JPMorgan Chase CMO Says You Can Kiss Traditional Marketing Goodbye

Digital channels have completely changed the customer journey. Now it's all about using data analytics for ultra-targeted promotion and prime product development. Financial marketers who don't get onboard will have short careers.

Financial marketers sometimes worry that extensive use of data analytics will come across as “creepy” to consumers. That doesn’t bother Kristin Lemkau, Chief Marketing Officer at JPMorgan Chase, who thinks that data analytics will only improve the relevance and personalization of marketing messages.

As an example, Lemkau describes “intelligent” banner ads — selected through analytics — that Chase displays on its own website:

“You spent $400 on Amazon purchases last month. You could have used the Amazon Rewards Card. Here’s $300 to sign up for one now.”

JPMorgan Chase issues that card, of course.

“That doesn’t even feel like an ad,” Lemkau said at a recent advertising industry event. “It’s much more like a way to show that you really have the consumer’s back.” And it means much more to that consumer, personally, than a generic banner that may have nothing to do with his or her needs.

Lemkau is bullish about the future of data applications in financial marketing. She believes that “dumb banner ads” (as she calls them) will be increasingly replaced by more and more outreach targeting individuals. And, according to Lemkau, this is just the beginning.

Traditional Advertising Headed for the Graveyard

When Lemkau appeared at a symposium alongside fellow speaker Allan Thygesen, President of the Americas at Google, the two discussed the impact that data will increasingly have on financial marketers, how banking providers will find prospects, and how they will cross-sell to more customers in the digital era.

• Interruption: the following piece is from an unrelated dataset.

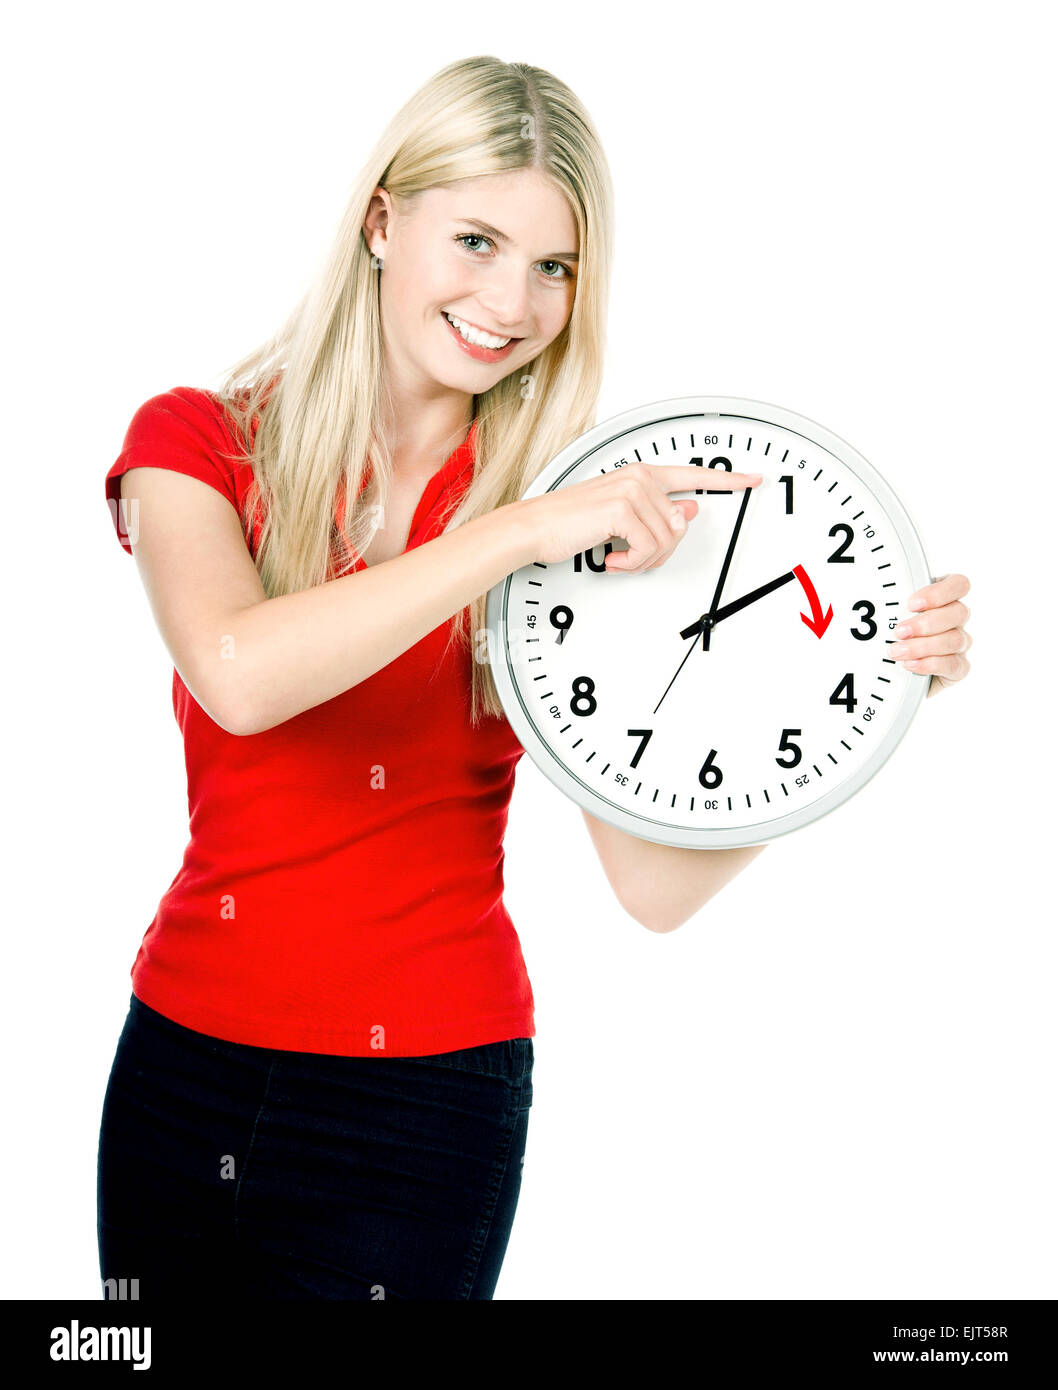 Zeit-Management-Konzept. Daylight Saving Time. Junge lächelnde Frau mit einer Uhr Stockfoto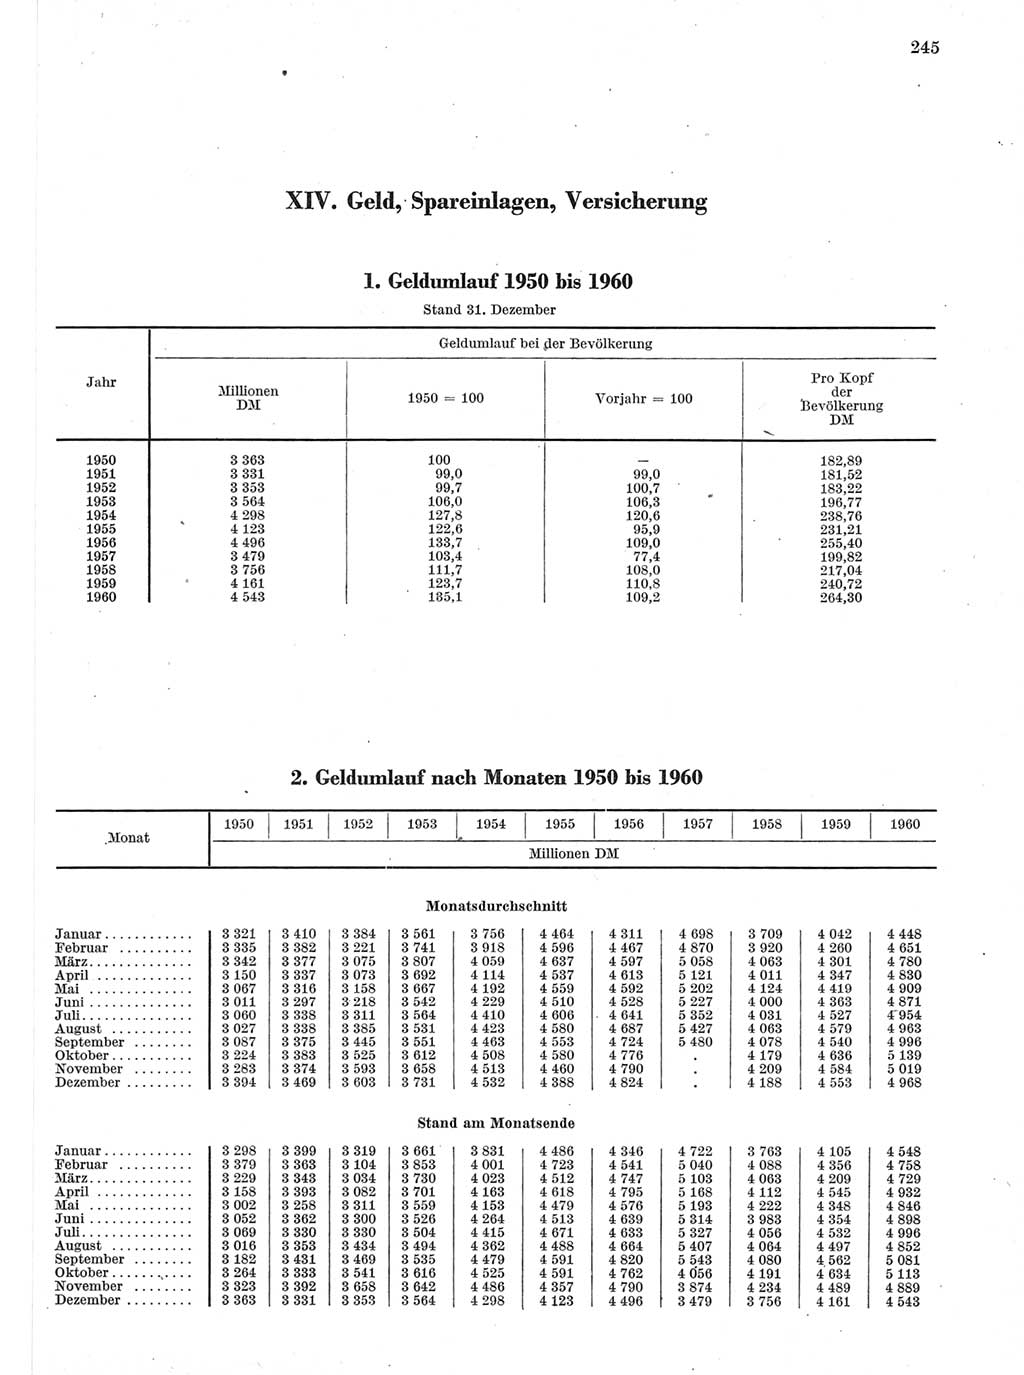 Statistisches Jahrbuch der Deutschen Demokratischen Republik (DDR) 1960-1961, Seite 245 (Stat. Jb. DDR 1960-1961, S. 245)

According to Thygesen, the traditional approach to advertising that revolves around “reach and frequency” is facing extinction. He says mobile devices and digital marketing are driving the last nails into that model’s coffin.

“Reach and frequency worked for a long time,” Thygesen says. “But that formula is broken in today’s consumer journey.”

Thygesen speaks often about how today’s journey has changed irrevocably. Similarly, Limkau dwells on the radical evolution of marketing techniques today. Both insist that financial marketers need to be involved earlier and deeper in the product development process, focusing on personalization and customization that’s quickly becoming the norm in marketing.

Kristin Lemkau, Chief Marketing Officer at JPMorgan Chase

Many senior-level marketing execs working in today’s banking industry came in through the advertising path. Not Lemkau, she rose up from the public relations side. Regardless, neither advertising traditionalists nor PR pros were prepared for the degree to which marketing now revolves around data. In either case, Lemkau says financial marketers that aren’t prepare to leave the past behind will struggle.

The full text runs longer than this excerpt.